10. Духу надо обслуживать тело. Духу - надо - обслуживать - тело… В смысле наоборот? Нет, именно так. А телу надо обслуживать дух. Приходится ему, бедному, приходится. А оно не хочет. А что же телу еще делать, бедному, хорошему такому? Это же тело, ну, как Эйнштейн, такое плотное, хорошее, из материи какой-то такой, клетчатой там, волосатой. Оно тоже хорошее. Магнитофон, книга-это всё материя. Над этим смешно думать Дарвину. Но Эйнштейну приходится. Потому что он - тело. Конечно, он-тело. А Дарвин-дух. И кому кого приходится обслуживать? Телу приходится обслуживать дух. Но духу приходится обслуживать тело. Вот это удивительно. Он не взлетает. Он в него помещен. Он рядом с ним помещен. Он может входить и выходить - как Дарвин из машины.
11. И он говорит, Дарвин: "Альберт!
Можно мне выйти из машины?" А Эйнштейн вначале испугается. Ну, он же всё время боится. Ё-моё, бедный! Значит, он думает и не знает, чего больше пугаться: того, что тот раньше времени начнет сопротивляться и тра-та-та, или… В общем, он говорит: "Конечно, выйди на лужок, погуляй".
И Дарвин говорит: "Спасибо", выходит из машины и взлетает. Ну, он так летит, оно ему не надо. То есть он выходит и писает. Что ему еще делать-вне машины? Он писает, потому что он дух, существующий вместе с телом, и телу же что-то нужно делать, да? Ну, вот, и он его писает… Он же не описывает машину? Нет, но если к нему подходит Эйнштейн, описывает ли он его? Да, он его описывает. Точно, Дарвин описывает Эйнштейна.
Смешно.
А Эйнштейну неприятно, ему мокро. Бедный, он же тело, и ему мокро. И к тому же он же делает различие между разными мочами. Он писает одной мочой, и она ему дорога и близка, а это чужая моча - Дарвина, которая на него попала, и ему, конечно, неприятно. "Вот видишь, - говорит он, - ты, наверное, понимаешь, да, за что страдаешь?" Они идут в машину. А Дарвин отвечает-ну да, что ему еще остается делать - он, конечно, отвечает Эйнштейну, он же его любит: "За то, что я описал твои штаны, и тебе теперь мокро и неприятно? И там волосы еще на ногах всякие… И тебе даже говорить об этом неприятно?" Эйнштейн говорит: "Да, мне и говорить об этом неприятно".

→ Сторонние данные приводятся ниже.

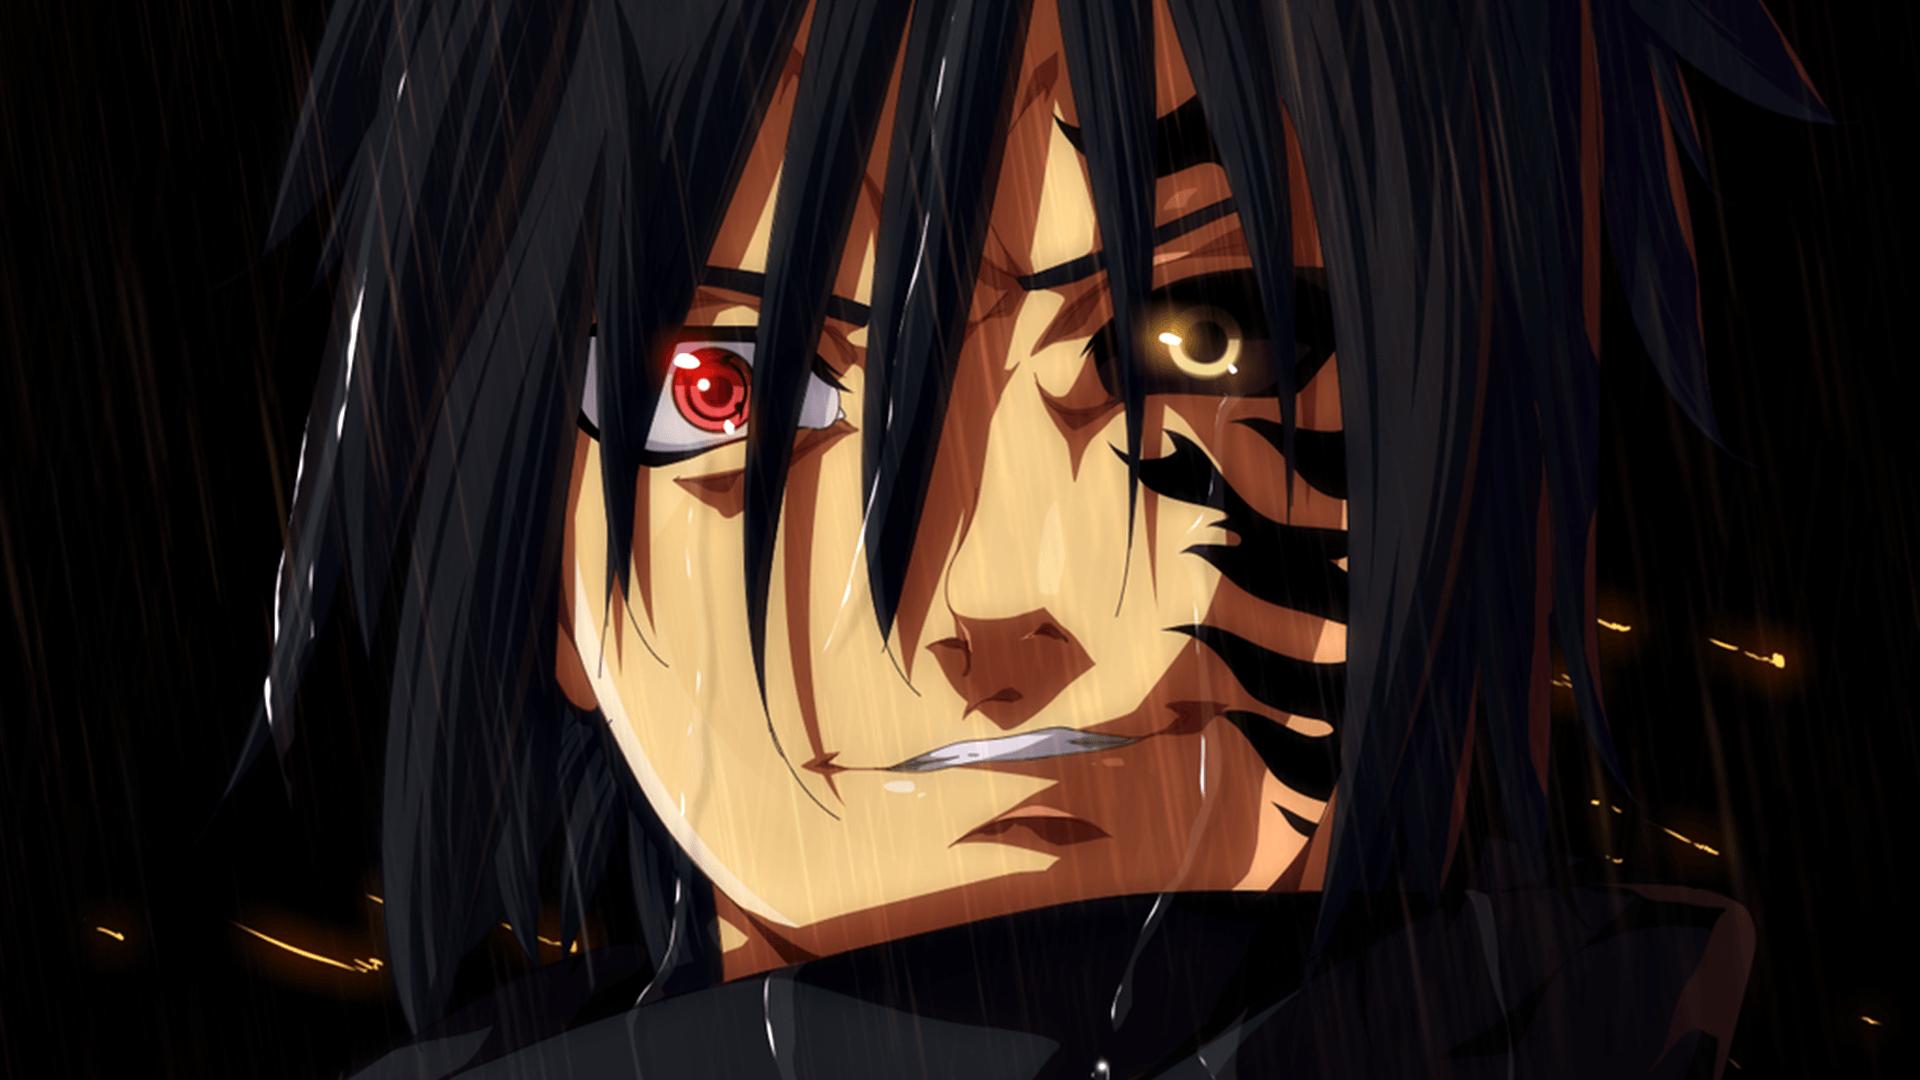 Sasuke Fond D Ecran - Fond d écran

12. Вот как это происходит. Этот диалог постоянно свершается на наших глазах, а что делать, он всегда вокруг нас. Конечно, Эйнштейну неприятно. Дарвин ему отвечает: "Ну да, я понимаю, за это меня будут бить". А Эйнштейн, злой, наверняка раздраженный, говорит: "Да, за это тебя будут бить". И конечно, Дарвину от этого грустно опять становится. Он говорит: "Я ведь могу и не описывать твои штаны дурацкие. Вот смотри: я с тобой работал столько лет в Университете и ни разу не описал твоих брюк! Хотя у меня были возможности: мы ходили вместе в туалет, и я мог же написать тебе на брюки - мог, но я этого не сделал. И даже в колледже - я надевал твои брюки, мог же я их описать? - мог, но я этого не сделал. И в такой форме тоже не сделал, видишь? А мог ли я, например, представляясь тобой, читая лекции твоим студентам, описать твои брюки, то есть выглаженность твоей репутации? Мог. И описывал. А, я понял: я описывал твои брюки".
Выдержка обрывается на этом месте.